Николас отошел от трапа и облокотился на перила, не спуская глаз со стоявших на пристани близких людей. Тобиас застыл рядом, а Лукас расхаживал по палубе, разговаривал с моряками и пассажирами, но то и дело возвращался к отцу, как щенок возвращается к хозяину. Мужчины обменивались взглядами, Марианна заливалась слезами и отчаянно махала Тобиасу, а он то и дело сдавленно всхлипывал. Грудь Пауля неровно вздымалась от сдержанных рыданий.

Но вот трап убрали, буксиры медленно потащили огромный корабль от пристани, а протяжный гудок возвестил об отправлении. Николас принялся махать, пытаясь продлить связь с теми, кого так не хотелось покидать. Рядом всхлипнул Тобиас, он крепко обнял сына. Подошел Лукас, встал с другой стороны и тоже начал махать.
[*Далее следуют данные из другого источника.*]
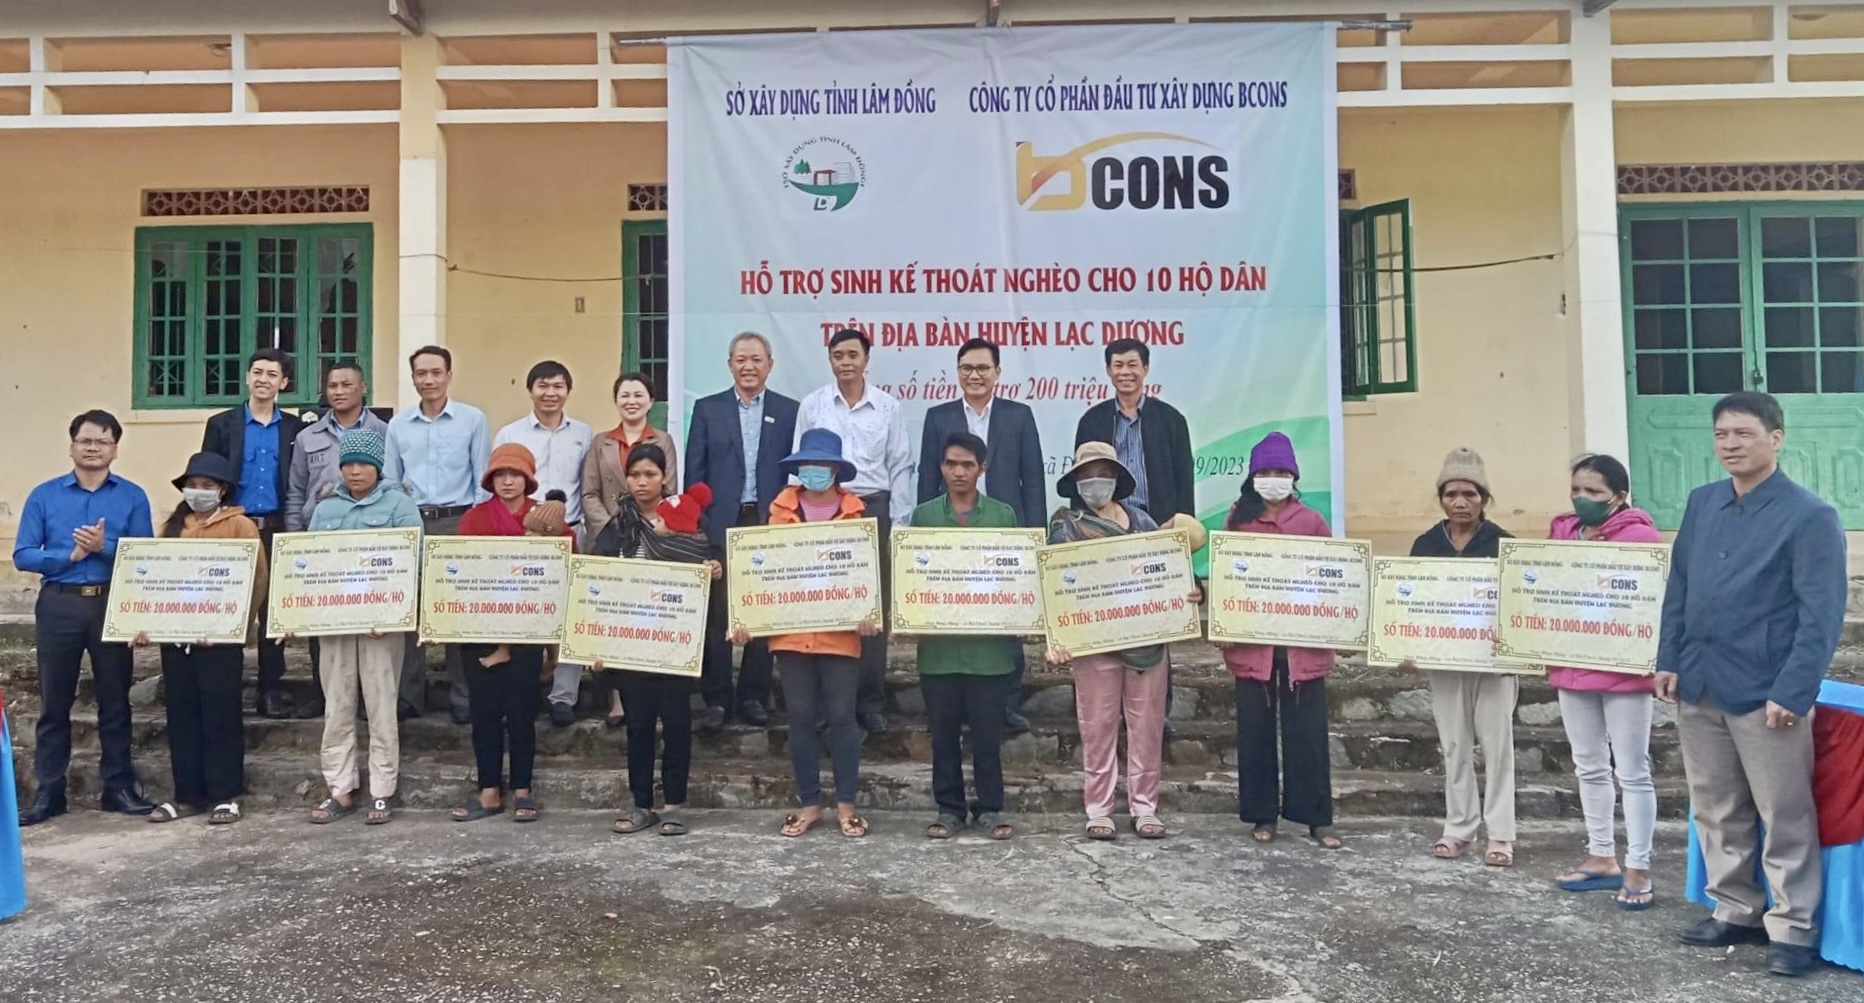 Hỗ trợ sinh kế thoát nghèo cho hộ nghèo huyện Lạc Dương

Все трое не опускали рук до тех пор, пока пристань не скрылась из виду, а Пауль, Алекс и Марианна стояли неподвижно и смотрели вслед удаляющемуся кораблю. Но вот лайнер растворился в дымке, и они медленно повернулись, чтобы отправиться в обратный путь домой. Пароход «Бремен» увез тех, кого они любили. В вагоне поезда все трое молчали, и только Марианна время от времени тихонько сморкалась, нарушая тишину. Потом, измученная переживаниями, она склонила голову на плечо отца и уснула, сжимая в руке платок. В этот день пролились реки слез.

Николас решил снова проведать лошадей и позвал с собой Лукаса, однако мальчику не терпелось изучить судно. Тобиас сидел в каюте с распухшими красными глазами, слишком несчастный и опустошенный, чтобы чем-нибудь заняться.

– Мы обязательно вернемся, – пообещал отец. Юноша вежливо кивнул, хотя и не поверил. Германия превратила их в лишних людей, изгоев, не достойных жить в собственном доме, и выгнала, как грязных преступников. В паспорте у каждого стоял штамп «депортирован», хотя уехали они по собственной инициативе. Но еще оскорбительнее выглядела красная буква «J», означавшая слово «Jew» – «еврей». Отныне они лишились гражданства Германии и превратились в политических беженцев.

Вернувшись, Николас обнаружил каюту пустой. Тобиас ушел к себе, а Лукас отправился исследовать элегантный бассейн. На корабле были также курительная комната, салон и роскошный бальный зал. Лукас заявил, что хочет посмотреть вольер с собаками. Николас разрешил, а сам медленно пошел по палубе. Во время посадки он заметил несколько хорошеньких женщин, однако сейчас они его не интересовали: мысли сосредоточились на утраченном мире. Элегантный корабль стал последним осколком прошлого. Лукас ничего не понимал, Тобиас переживал разлуку с Марианной, и только он в полной мере ощущал глубину пропасти. Перспектива работы в цирке в чужой стране казалась болезненной, далекой от реальности причудой. Сейчас не хотелось даже думать о будущем; мысли и чувства остались на родине, дома – с отцом и другом. Таким несчастным и разбитым Николас фон Бинген чувствовал себя лишь однажды, в трагические дни смерти жены и дочери. Он простоял на палубе до тех пор, пока холод не заставил вернуться в каюту. Лег на кровать и попытался уснуть, однако сон не приходил. Обреченно встал, оделся и снова пошел к лошадям. Взял одну из щеток, которыми щедро снабдил Алекс, и принялся чистить Плуто. Жеребец ответил на заботу благодарным взглядом.